HDP MYK, Bartın’daki maden faciasına dair yaptığı açıklamada, “Yaşananlar kaza ya da kader değildir. Denetimsiz ve güvencesiz çalışma koşulları iş cinayetlerinin ve işçi ölümlerinin yegâne sebebidir” dedi.
Halkların Demokratik Partisi (HDP) Merkez Yürütme Kurulu (MYK) Bartın’ın Amasra ilçesinde yaşanan ve 41 işçinin ölümüne sebep olan maden faciasına dair yazılı açıklama yaptı.
Yaşananların kaza ya da kader olmadığının belirtildiği açıklamada şu sözlere yer verildi:
Denetimsiz ve güvencesiz çalışma koşulları iş cinayetlerinin ve işçi ölümlerinin yegâne sebebidir. Emeği hor gören, yoksulların açlığından doyan AKP-MHP iktidarının yarattığı rant rejimi ve kâr hırsı, maden ocaklarında katliamların ortaya çıkmasına neden olmaktadır. Bu rant düzeni siyaset, bürokrasi ve sermayenin bileşenleri olduğu bir kartel ortaklığının sonucudur. Bu ortaklığın bir ayağını AKP-MHP ittifakı, diğer ayaklarını ise yandaş sermaye ve yasal denetim görevini yapmayan bürokrasi oluşturmaktadır. Sadece 2021’de 68 olmak üzere AKP’li yıllarda iki bine yakın maden işçisi yaşamını yitirmiştir.

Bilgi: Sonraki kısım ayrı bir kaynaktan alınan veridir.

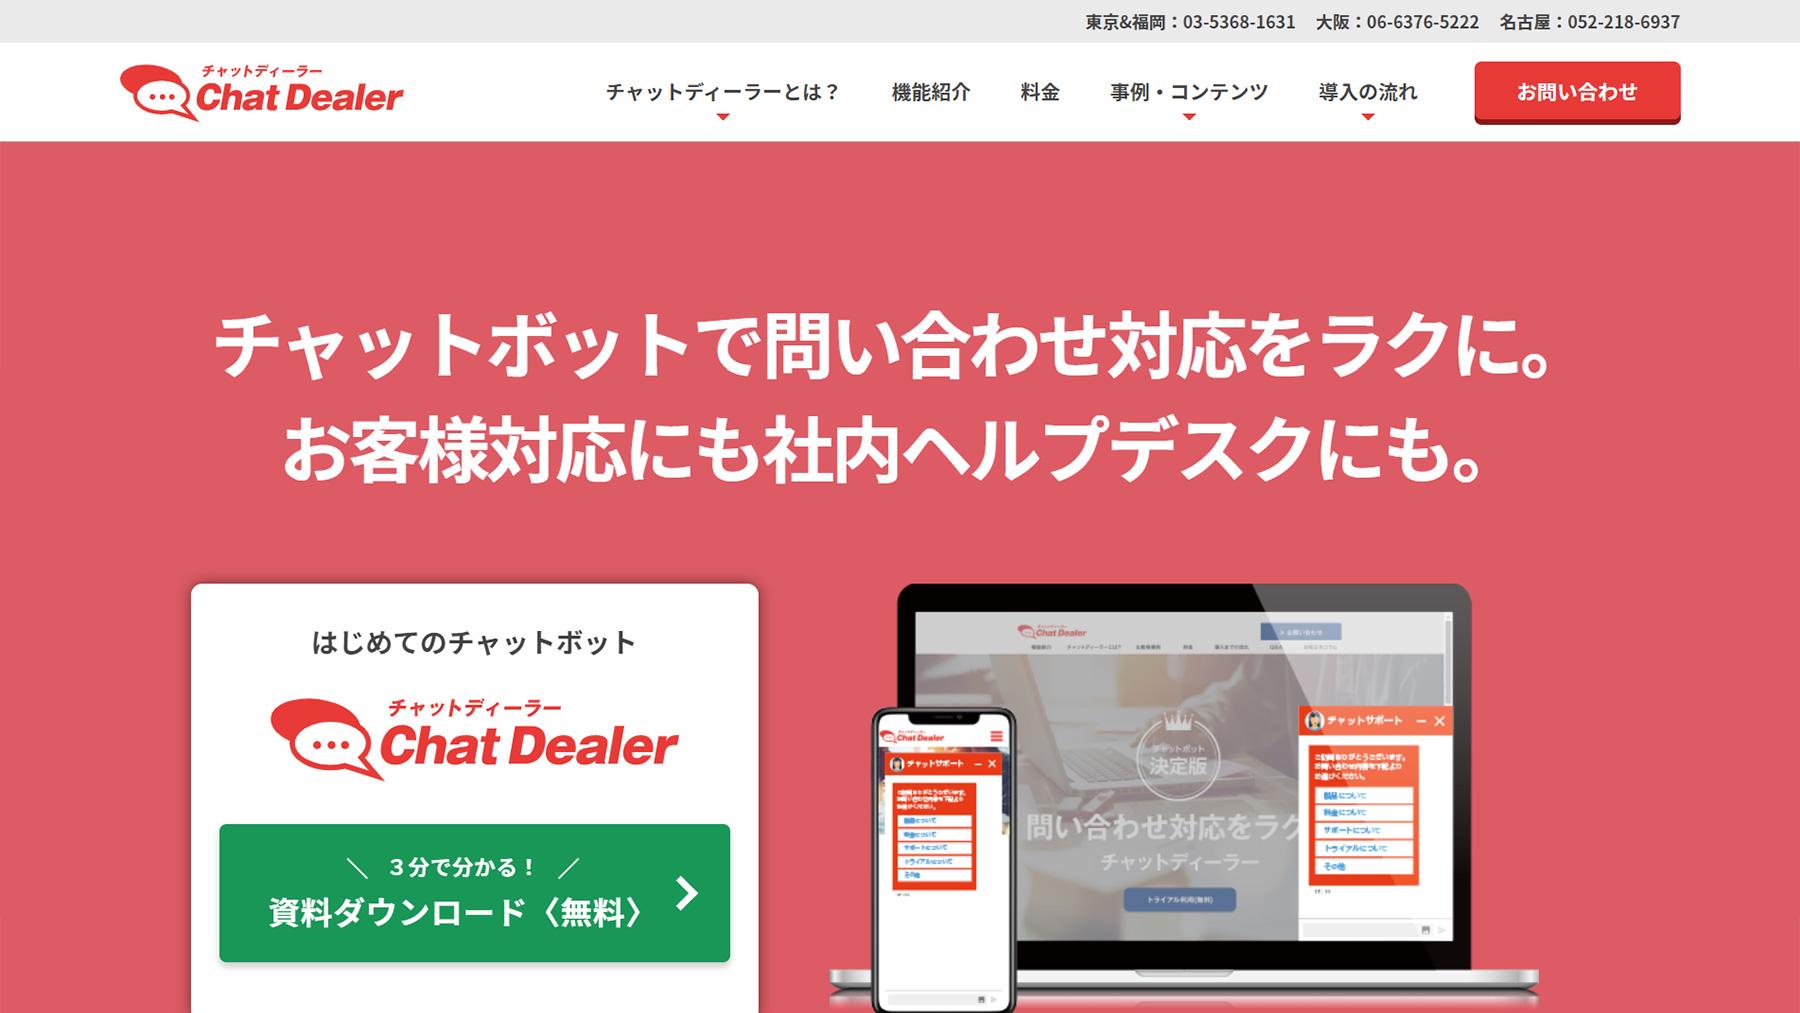 チャットディーラー公式Webサイト

‘Hafızalarımızda güncel katliamlar var’
Hafızalarımızda halen güncel katliamların olduğu vurgulanan açıklamada şunlar kaydedildi:
Güvencesiz çalıştırma biçimleri, sendikal harekete ağır baskılar ve işçiyi gözetmeyen politikaların sonuçlarını Soma, Ermenek, Şirvan, Karadon, Küre, Mustafakemalpaşa, Gediz, Dursunbey, Çöllolar, Aşkale ve Kozlu’dan biliyoruz. Amasra’da işçi katliamının yaşandığı madenle ilgili çok sayıda tehlike ve ihmal iddiası varken, AKP-MHP iktidarı her zamanki gibi gerçekleri arayan kişiler hakkında soruşturma açmakla tehdit etmektedir.
‘İş cinayetlerine ‘fıtratında var’ diye savunan sistemle mücadele sürecek’
İş cinayetlerini önlemek için mücadelenin süreceğine dikkat çekilen açıklama şu sözlerle devam etti:
Maden kazalarındaki iş cinayetlerini ‘fıtratında var’ diyerek savunan ve insanlık değerlerini ayaklar altına alan bu ceberut sistem aklı ile mücadelemiz sürecektir. İnsan onuruna aykırı çalışma koşulları, işçi güvenliği ve iş sağlığı konularında yapısal düzenlemelerin yapılmasını ve uluslararası standartların uygulanmasını mücadelemizin temeli olarak görüyoruz. İktidar, yargı sopasıyla gerçeklerin üstünü örtmek ve toplumu sessizliğe gömmek istese de hakikatler açığa çıkmaya ve bizler tarafından dillendirilmeye devam edecektir.